But if the ultimate plan is to requeen with (supposed) mite resistant bees, plan that for early fall.

I suspect your plan is really to see how the existing bees handle mites on their own. To know that you'll need to test the bees for mite levels. However there are a number of traps for new players when doing this, and it is easy to be mislead by interpretation of results. My opinion, would be just go ahead & requeen at least one of them, with a resistant queen, you could leave the other hive as is, if you think they are tolerating mites, as an experiment.

Course you have many options, those are just my thoughts, there will be other opinions equally useful.


----------



## RiodeLobo (Oct 11, 2010)

I left my package queens (caucasian) and one was the only colony to survive the winter. The rest bit it (5 supposed resistant) and 2 packages.

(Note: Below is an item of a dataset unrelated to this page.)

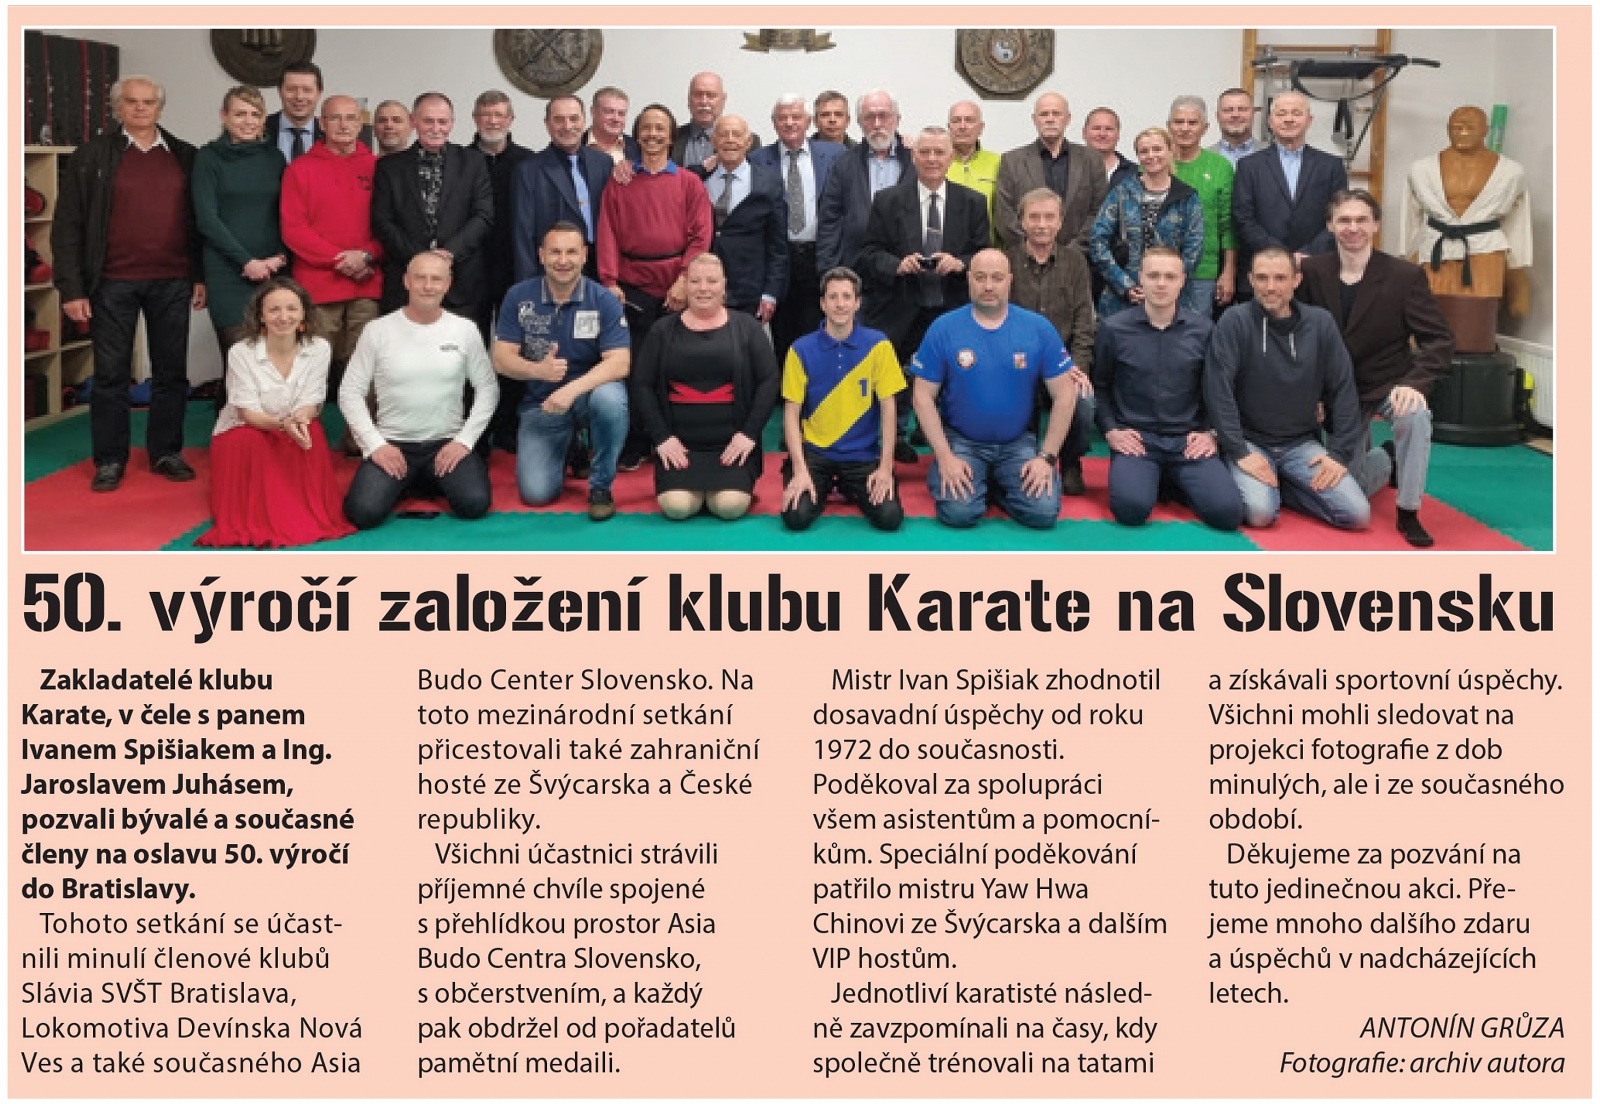 50. výročí klubu karate v Bratislavě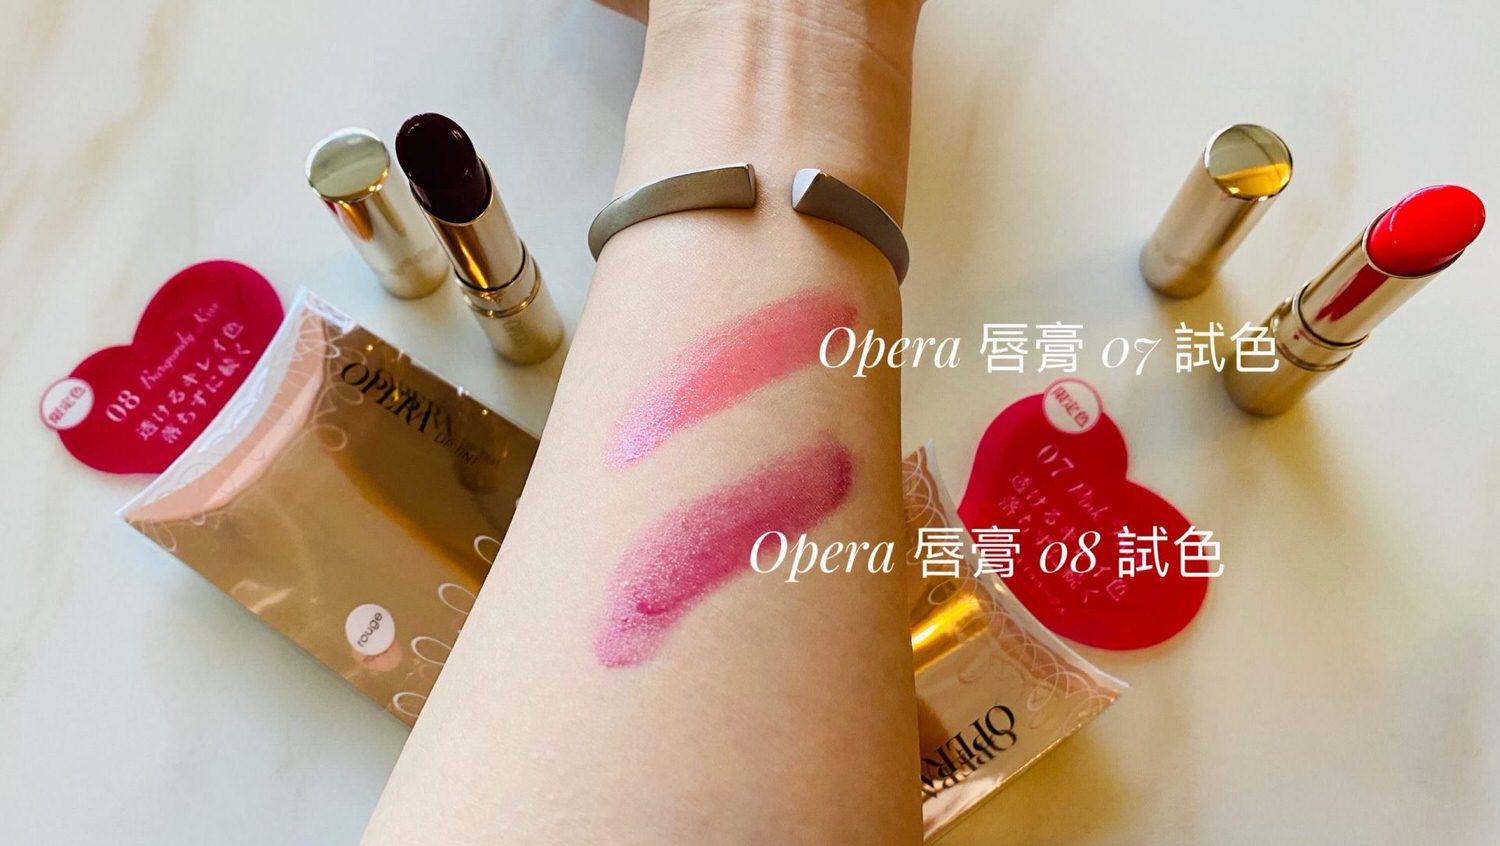 【美妝】日本 Opera Lip Tint 渲漾水色唇膏限定色 #07粉莓 #08酒紅 | 試色實擦

My plan on rebuilding is 4 packages and 2 nucs from traditional sources 3 nucs from a tx free source and 3 queens from a no chemical (soft treatment only) source. I am going to requeen 3 of the traditional source hives with the "resistant" queens and split the remaining 3 into over winter nucs, allowing half to raise a queen using eggs from the tx free nuc hives. Ideally this will give me 7 hives and 6 nucs going into the winter all with a "resistant" queen on the daughter of one.


----------



## jeffnmo (Mar 16, 2013)

being new I can't claim any experience or proven actions but common sense and the learning I've done so far leads me to agree with Whitetail. You have to observe and act according to what is happening. Too many variables and you can't reasonably cover all. Go with the knowledge you have and trust your instincts. That's the way I'm approaching it at this point and if I change my mind I'll let you know. Good luck Gus


----------



## Gus979 (Oct 11, 2012)

Thanks for the advice everyone


----------



## Moon (May 7, 2011)

Advice is one thing you'll get a plethora of on beesource. From pretty much every corner of the globe and every spectrum of beekeeping. It's pretty easy to tell someone the best way to ride a bike, explain balance and forward momentum to them; braking and safety precautions looking out for traffic etc... etc... With all the explanation and reading in the world you're still going to have to hop on a bike, fall down a lot, and scrape your knees a time or two before you start to get the hang of it. Few things in life are any different. Dive in. Learn, make mistakes, learn from your mistakes, make more mistakes, keep learning. Don't lose the passion for what you're doing and you'll be fine.

Best of luck =)


----------